While these are simple record-keeping requirements, they will allow the commission to check that charitable organisations are complying with their conditions of approval. In particular, it will enable the commission to audit whether some of the funds raised by these events are being used for charitable purposes as is required under the act.

The bill provides for the continued playing of two-up on Anzac Day and now allows any organisation, not just clubs as was previously the case, to raise money for a charitable purpose on Anzac Day through the playing of two-up. I commend the bill to the Assembly.

Debate (on motion by Mr Smyth) adjourned to the next sitting.

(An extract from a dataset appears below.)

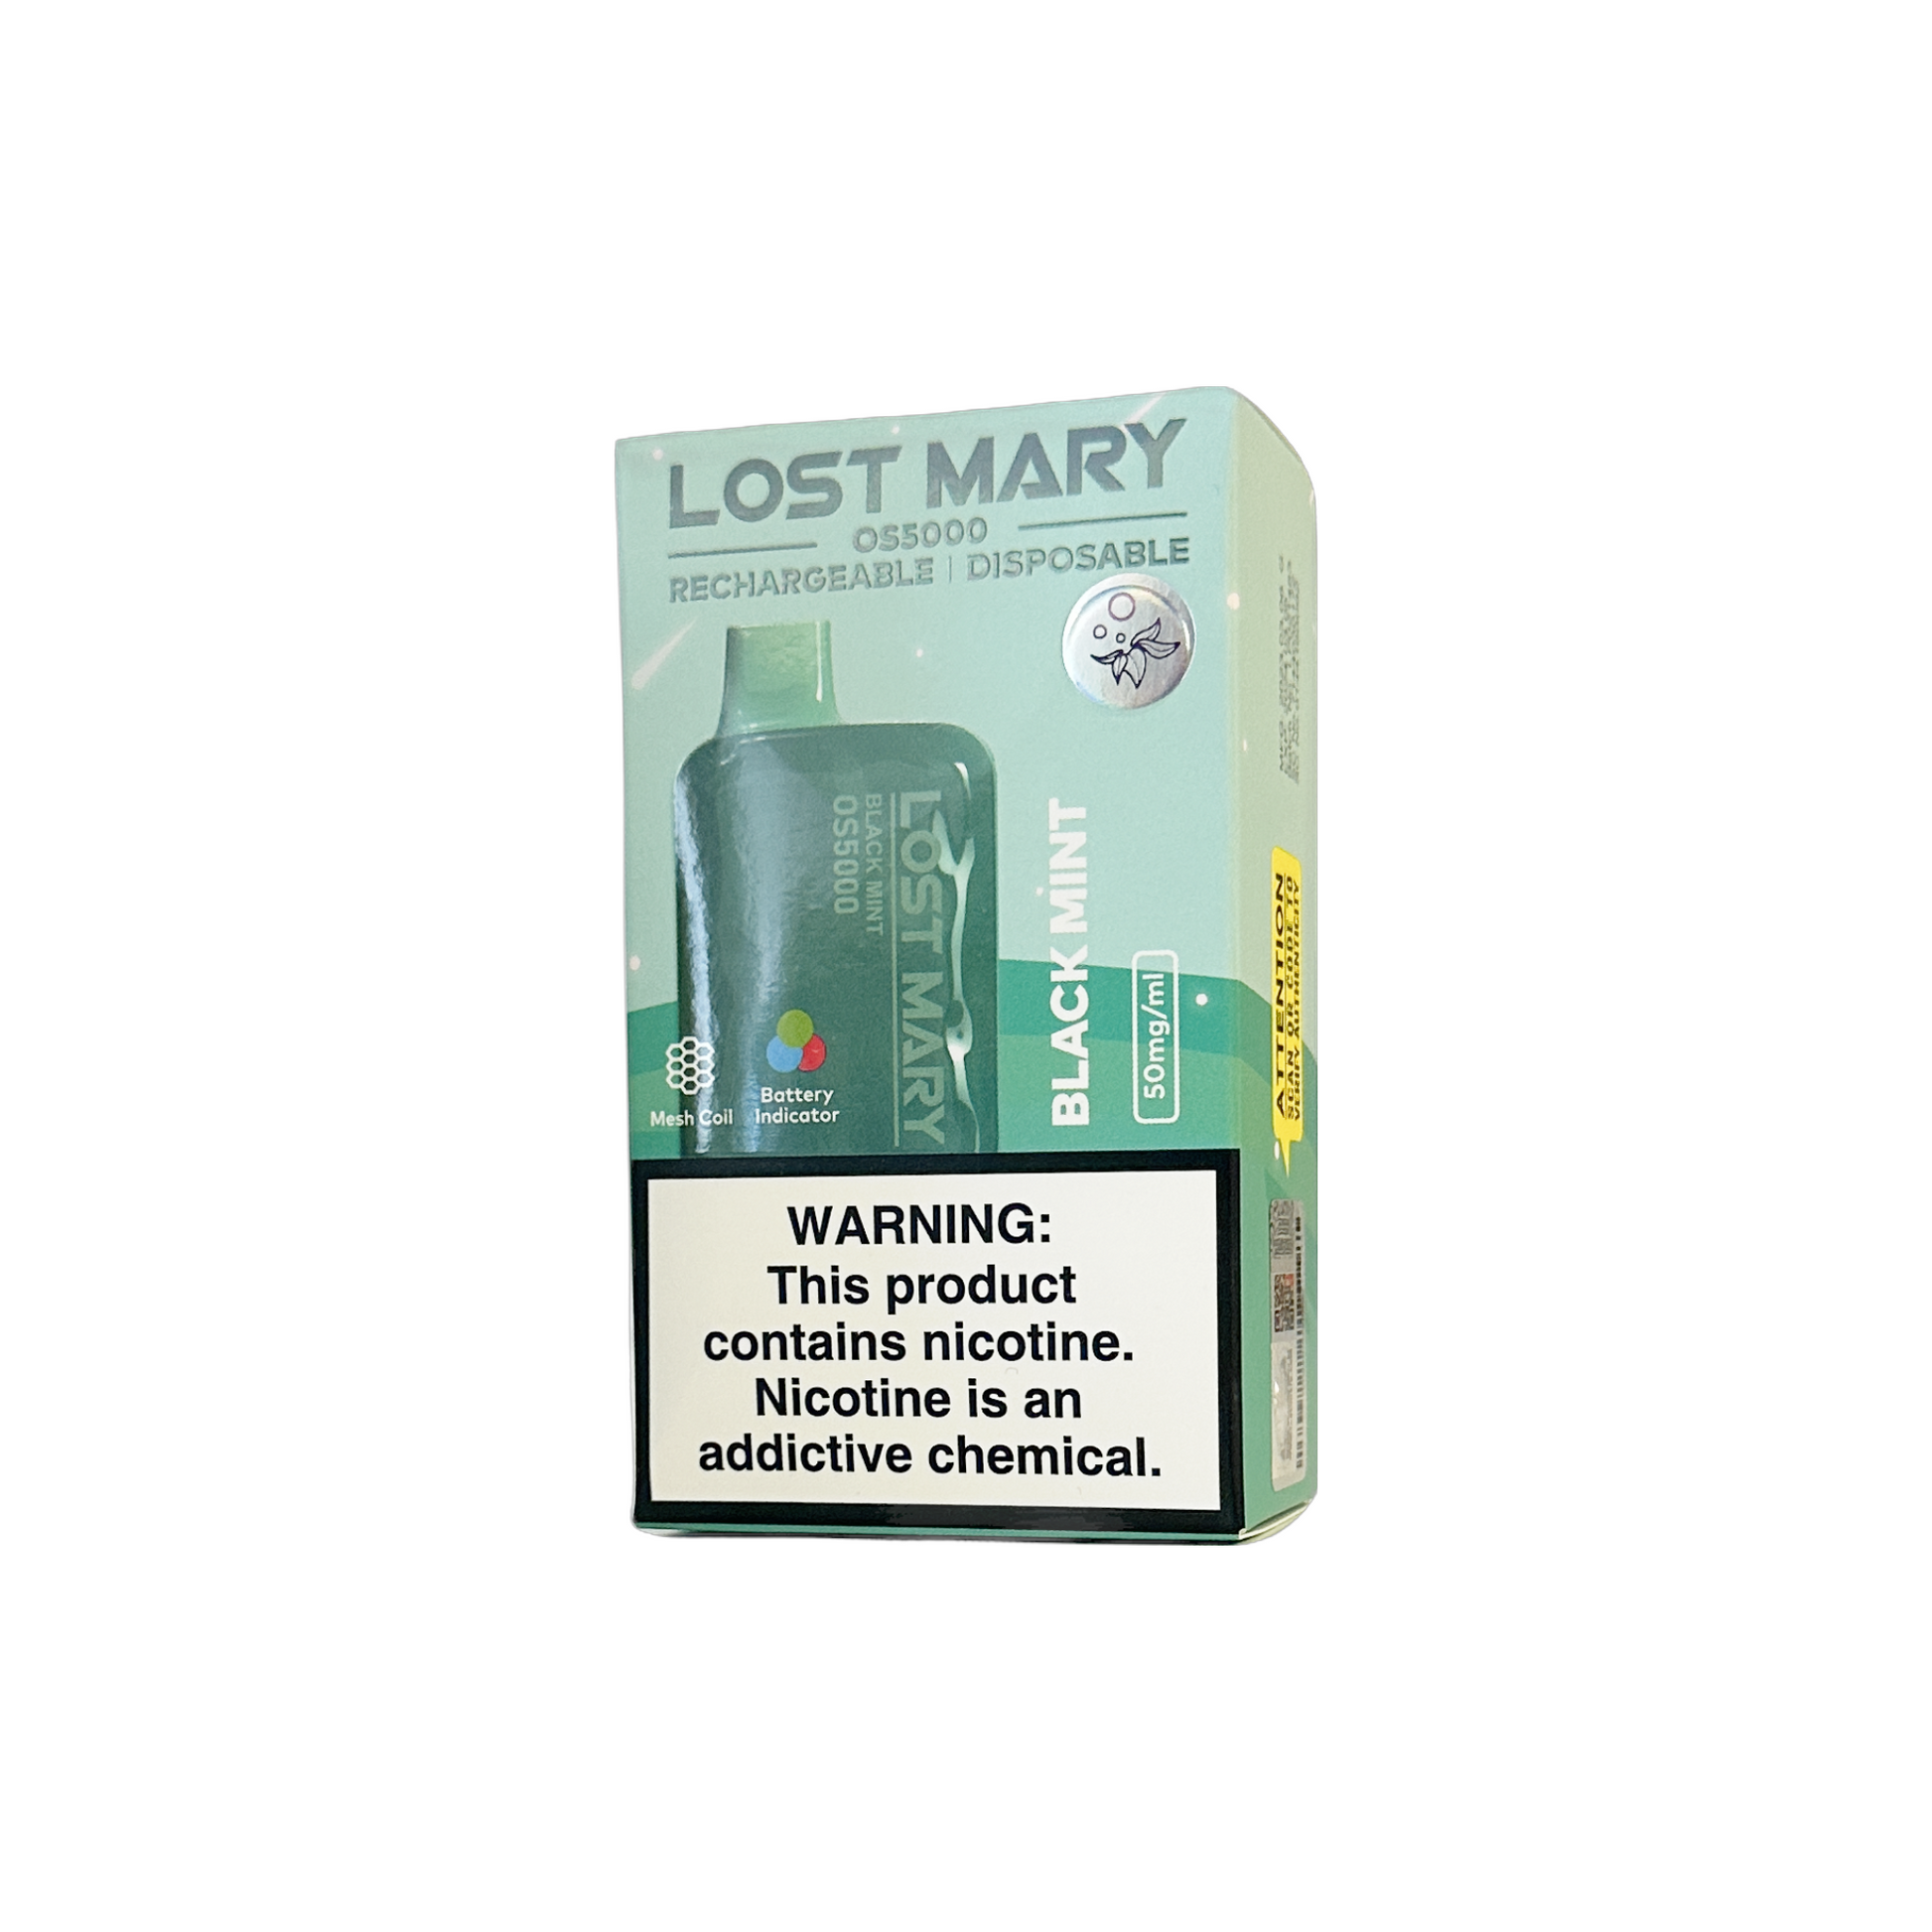 Lost Mary OS5000, Lost Mary OS5000 Vapes, Lost Mary OS5000 Disposable Vapes, Lost Mary OS5000 5000 Puffs, Lost Mary OS5000 Disposable Vape 5000 Puffs, Buy Lost Mary OS5000 Vape, Black Mint Lost Mary OS5000 Vape, Lost Mary OS5000 Black Mint Vape, Lost Mary OS5000 Vapeszn.
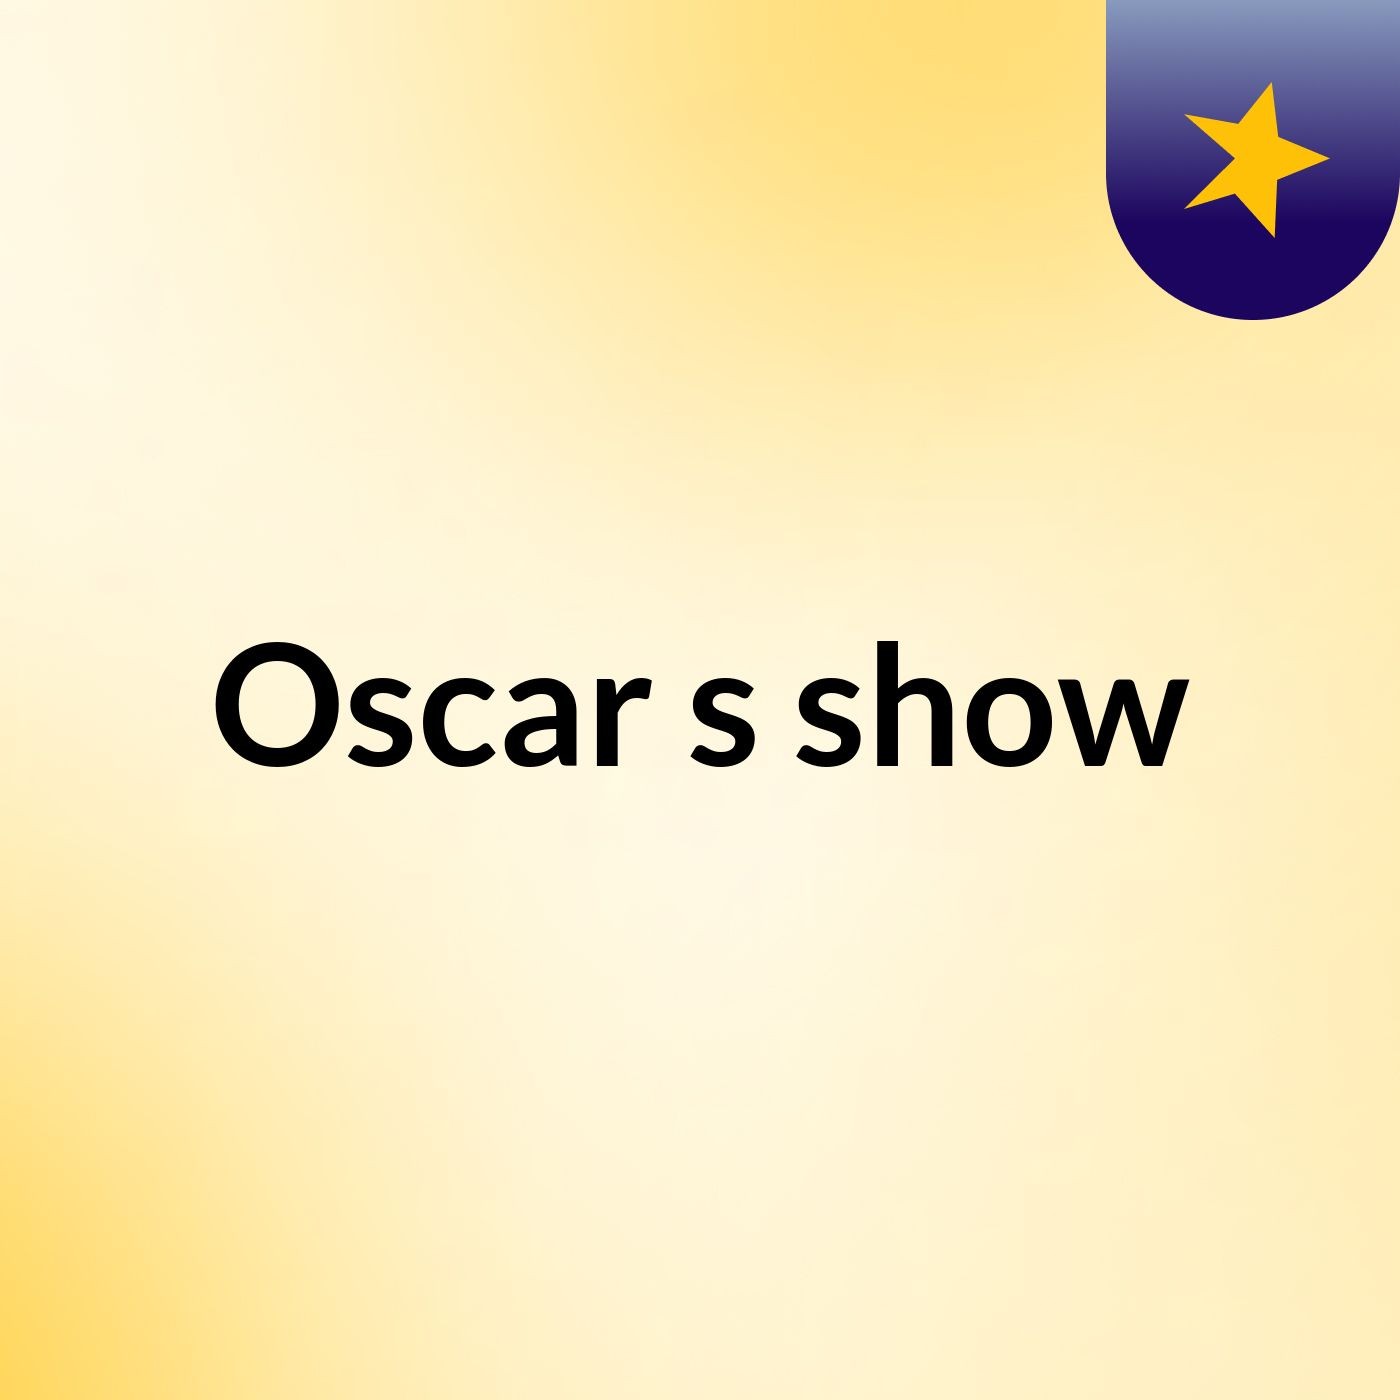 Oscar's show

Duties Amendment Bill 2009 (No 2)

Ms Gallagher, pursuant to notice, presented the bill, its explanatory statement and a Human Rights Act compatibility statement.

Title read by Clerk.

MS GALLAGHER (Molonglo—Treasurer, Minister for Health, Minister for Community Services and Minister for Women) (10.12): I move:

That this bill be agreed to in principle.

The Duties Amendment Bill 2009 (No 2) makes four amendments to the Duties Act 1999. Firstly, it makes amendments to repeal the sections of the act that relate to the duty liability of territory entities. Secondly, it makes amendments to allow transfers of dutiable property to be cancelled, terminated or abandoned. Thirdly, it inserts provisions that will allow financial agreements for de facto relationships to be recognised under the act. This is in line with the changes made to the Family Law Act. The final amendment removes some of the terminology used in the act in relation to an application to register a motor vehicle.

The first of the amendments made by the bill repeals the provisions of the Duties Act that relate to the liability for duty by territory entities. These provisions are no longer necessary in the act, as the liability for territory entities subject to taxes and charges comes under the Taxation (Government Business Enterprises) Act 2003.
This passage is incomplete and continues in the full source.